Chinesisches in 
Flauberts Papagei 
von Julian Barnes

Bordeaux, ca. 1989

In diesem von Rainer H. damals geschenkten Buch finde ich beim Wiederlesen so manche übernommene Idee. Man könnte genauso gut Chinese sein.

Heute tragen die braunen Handgelenke der afrikanischen Boule-Spieler ein Mao-Abziehbild.

Man vergleiche den Fall seines alter ego Louis Bouilhet, der von China träumte und nie bis England kam.

Wir wissen, dass die Weltausstellung von 1851 seine unerwartete Zustimmung gewann – „eine sehr schöne Sache, obwohl alle Welt sie bewundert“ -, aber seine Aufzeichnungen über diesen ersten Besuch belaufen sich auf bloß sieben Seiten: zwei über das British Museum plus fünf über die chinesischen und indischen Abteilungen im Crystal Palace.

Sein bevorzugtes Regierungsmodell war ein chinesisches – das des Mandarinats; obwohl er ohne weiteres zugab, dass die Chancen, es in Frankreich einzuführen, äußerst gering seien.

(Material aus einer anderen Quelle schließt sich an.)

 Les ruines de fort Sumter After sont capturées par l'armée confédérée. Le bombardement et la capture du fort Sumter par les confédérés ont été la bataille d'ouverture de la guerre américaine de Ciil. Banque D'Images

Sie halten das Mandarinat für einen Rückschritt?

„Ich bin im selben Maß Chinese wie Franzose“, erklärte Flaubert. Das heißt, auch nicht mehr Chinese: wäre er in Peking geboren worden, hätte er die dortigen Patrioten zweifellos auch enttäuscht.

Er versucht, wie gesagt, im selben Maß Chinese wie Franzose zu sein.

Verbrachte mit dem Schreiben von L’Idiot de la famille zehn Jahre, während deren er maoistische Traktate hätte schreiben können.

Flaubert erschien 1952 auf einer französischen Briefmarke (Wert 8 F + 2 F). Es ist ein nichtssagendes Portrait „nach E. Giraud“, auf dem der Romancier – dessen Züge leicht chinesisch anmuten – mit einem untypisch modernen Hemdkragen und Schlips ausstaffiert worden ist.